WORK REQUEST:
Your response should be an exact transcription of the data, images excluded.

INFORMATION SUPPLIED:
========================================
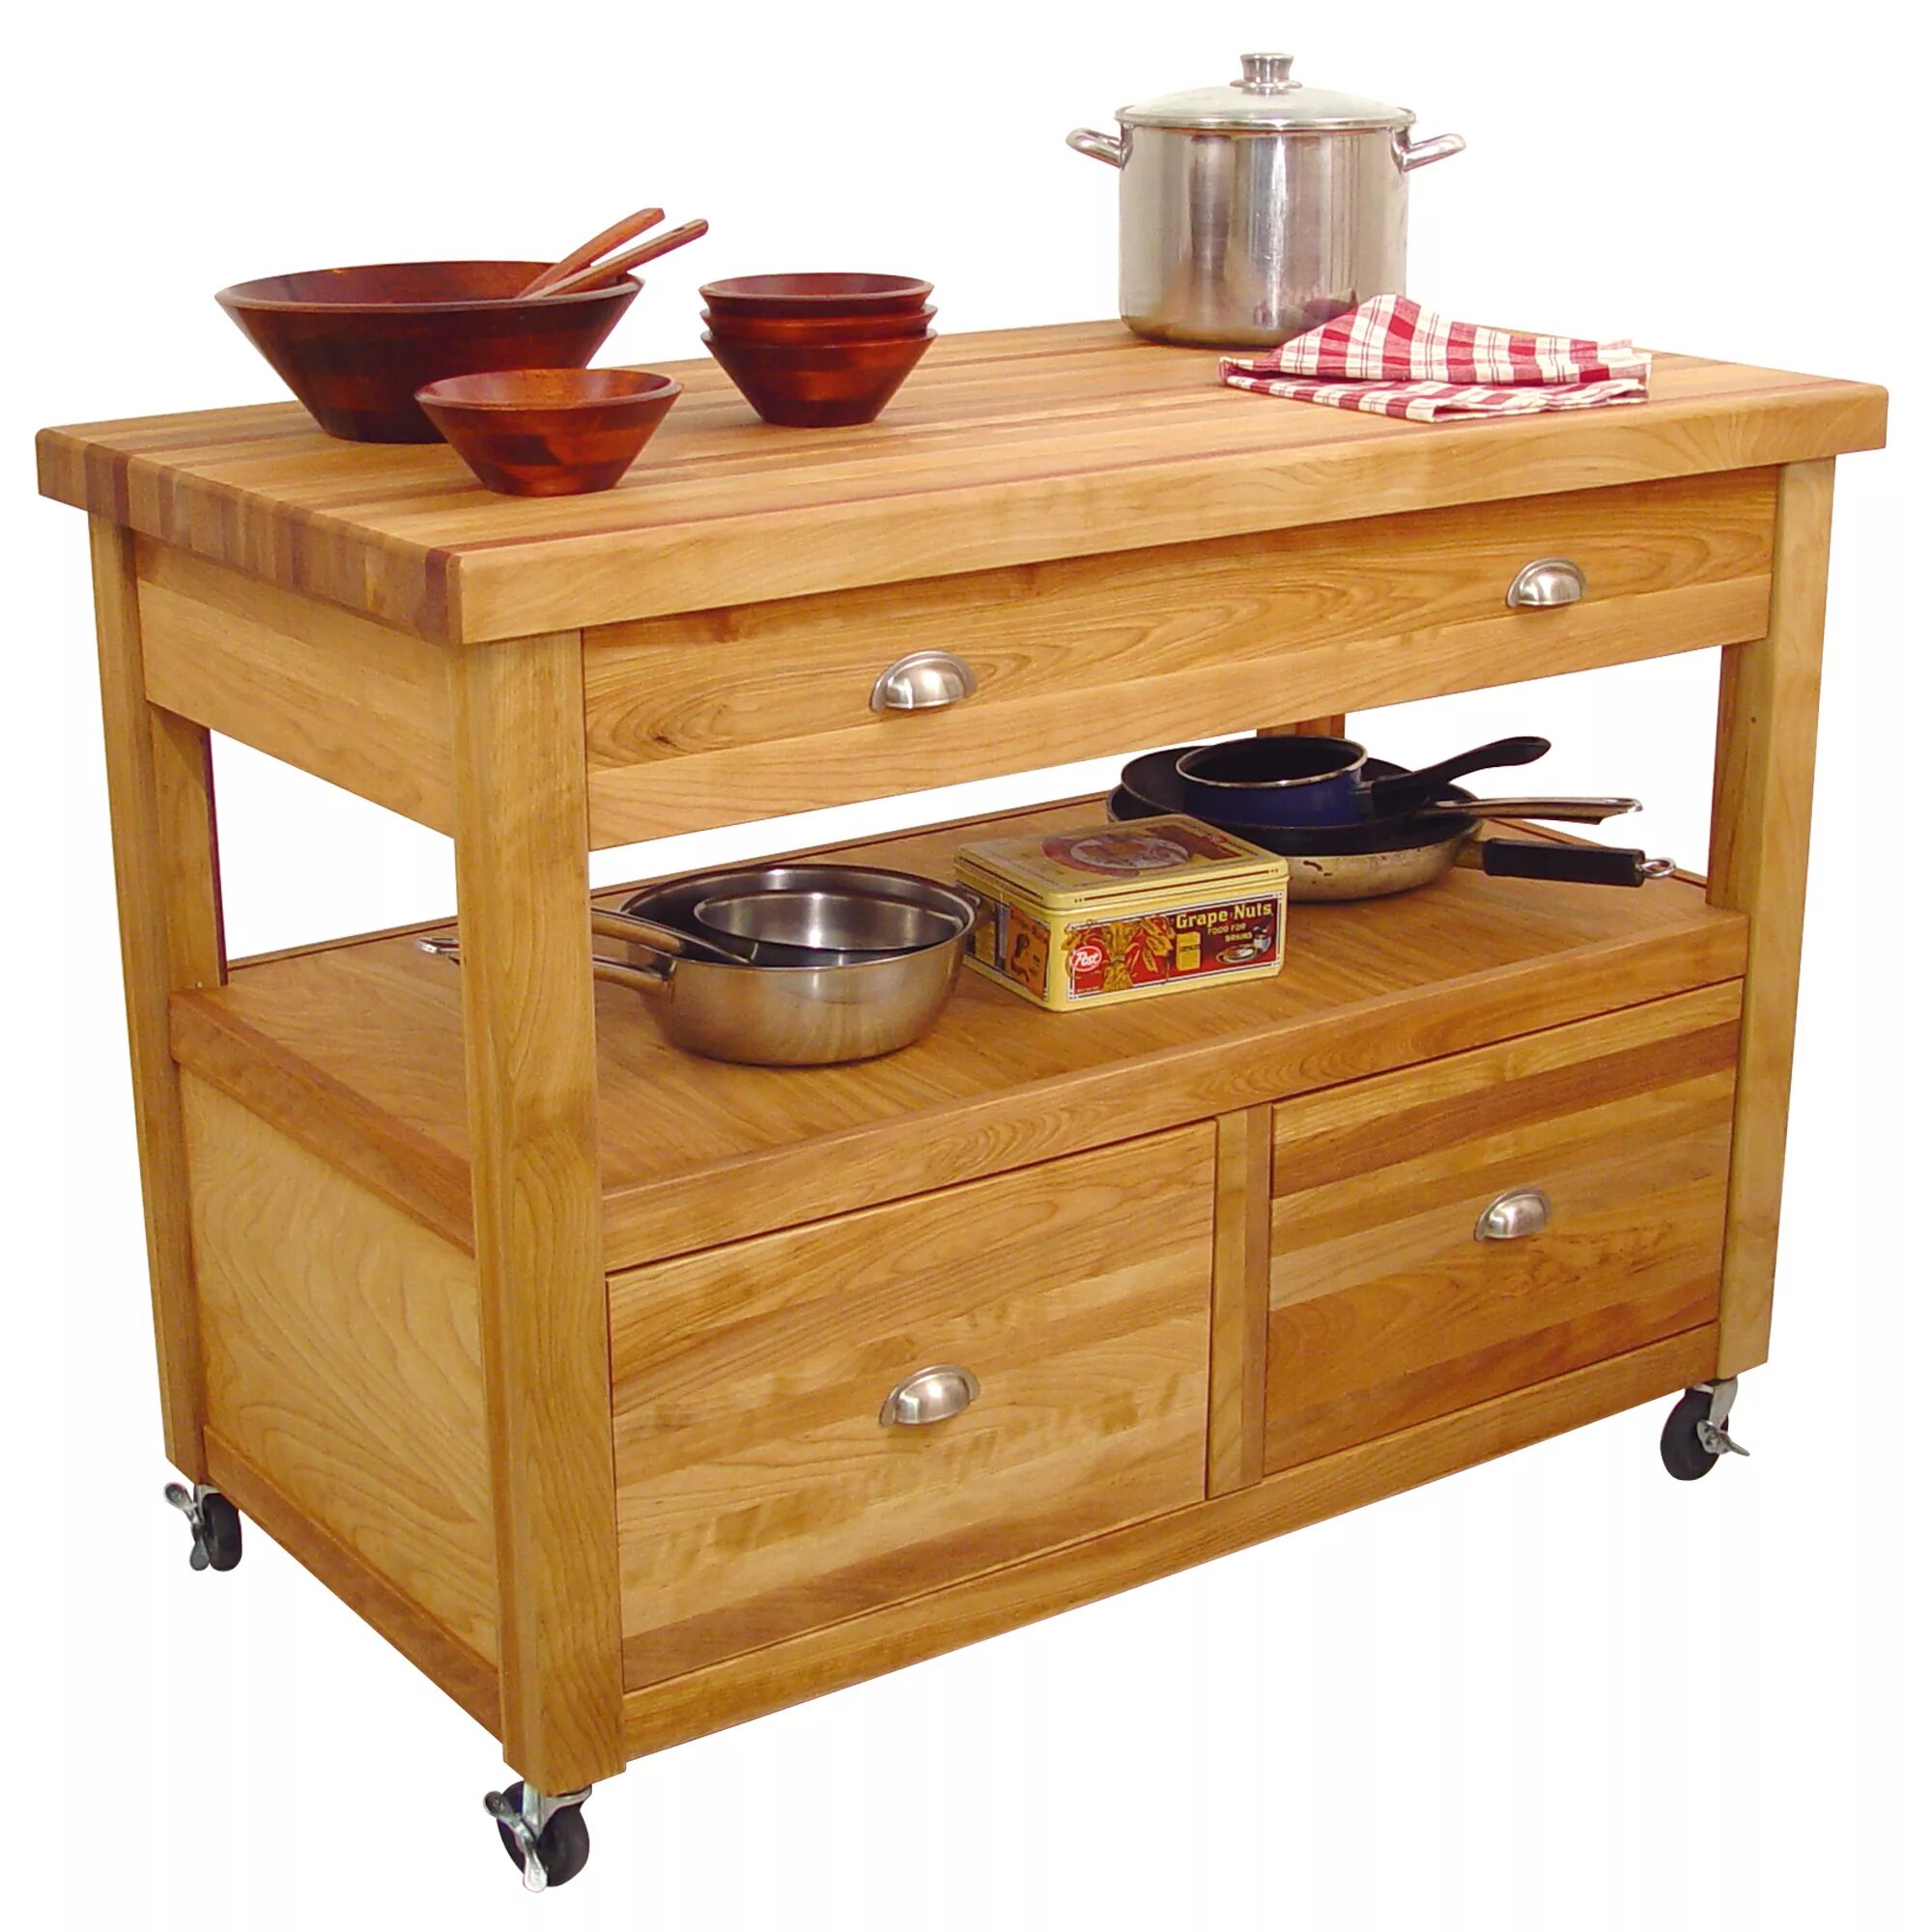 Купить столик с ящиками. Разделочный столик на колесах для кухни. Стол разделочный деревянный. Кухонный раздаточный стол на колесиках. Разделочный стол для кухни.
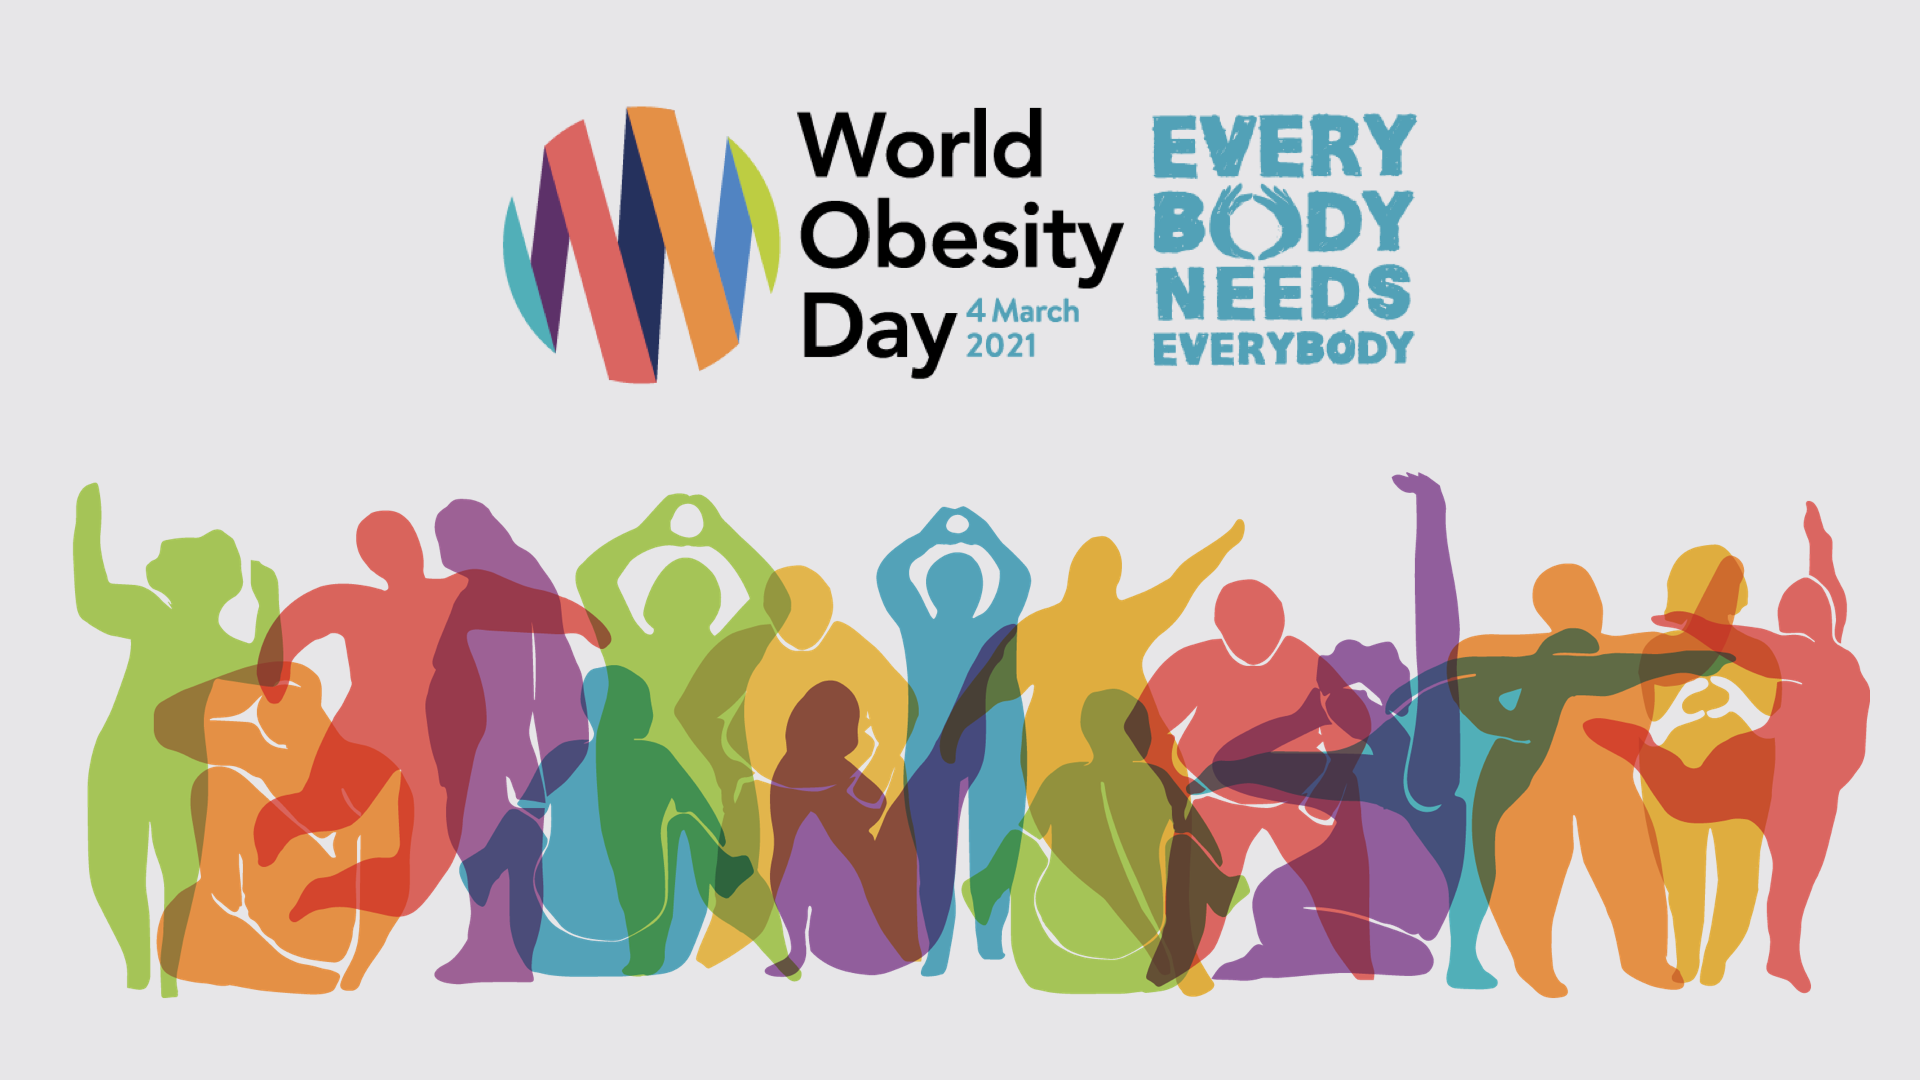 Día mundial de la obesidad: Every Body needs Everybody
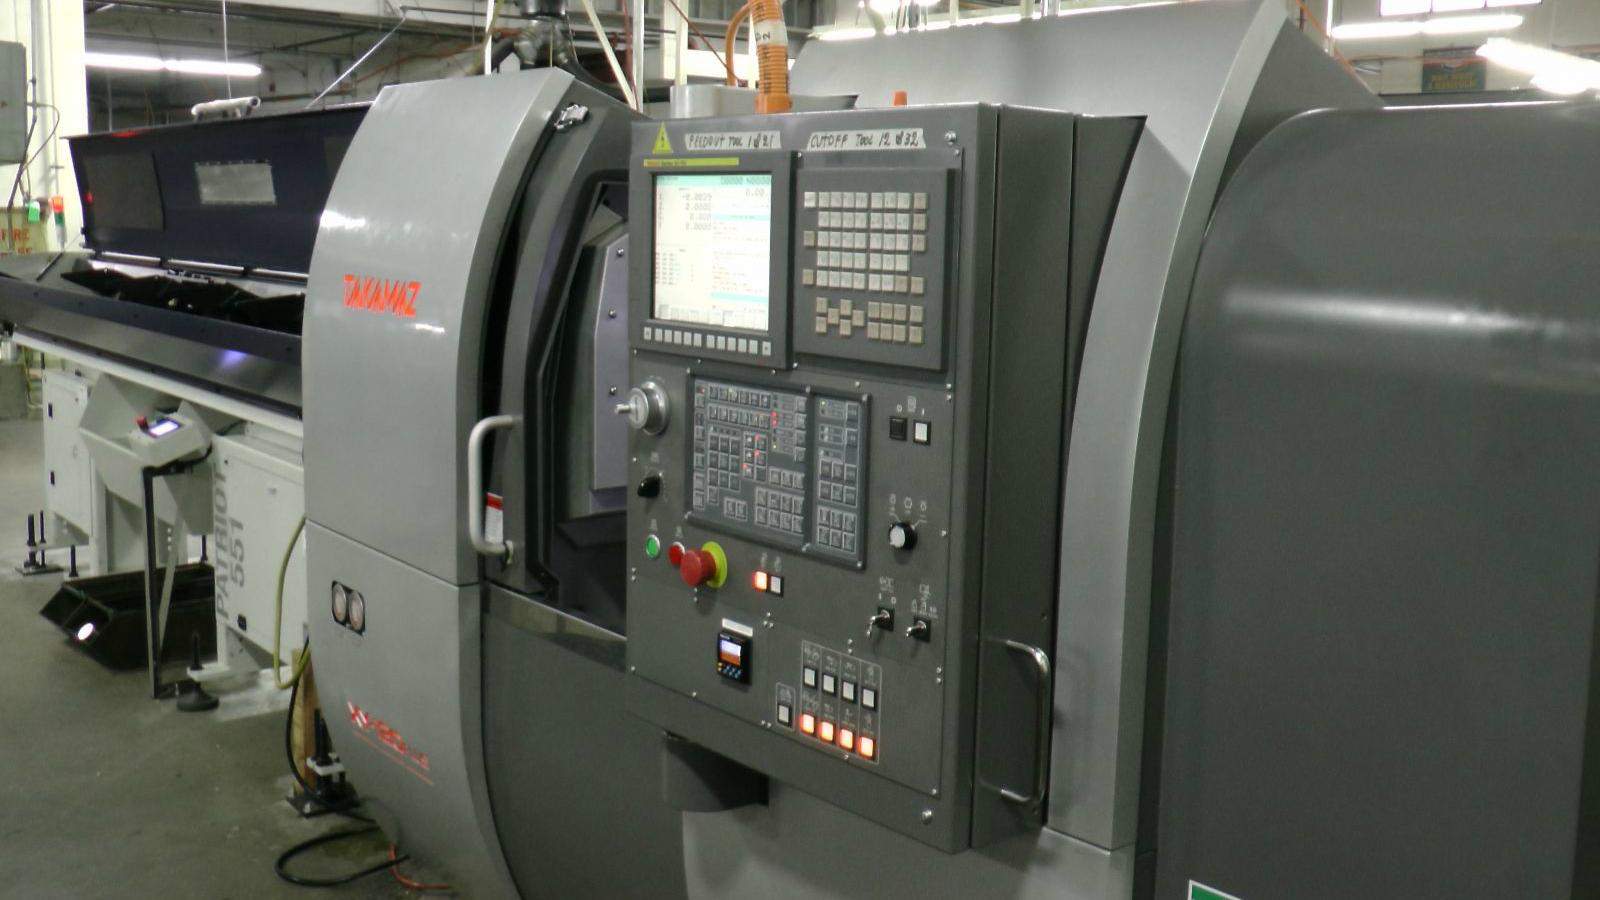 Takamaz production machines
========================================
EXERCISE RESULT:
 Купить столик с ящиками. Разделочный столик на колесах для кухни. Стол разделочный деревянный. Кухонный раздаточный стол на колесиках. Разделочный стол для кухни.
 Día mundial de la obesidad: Every Body needs Everybody
 Takamaz production machines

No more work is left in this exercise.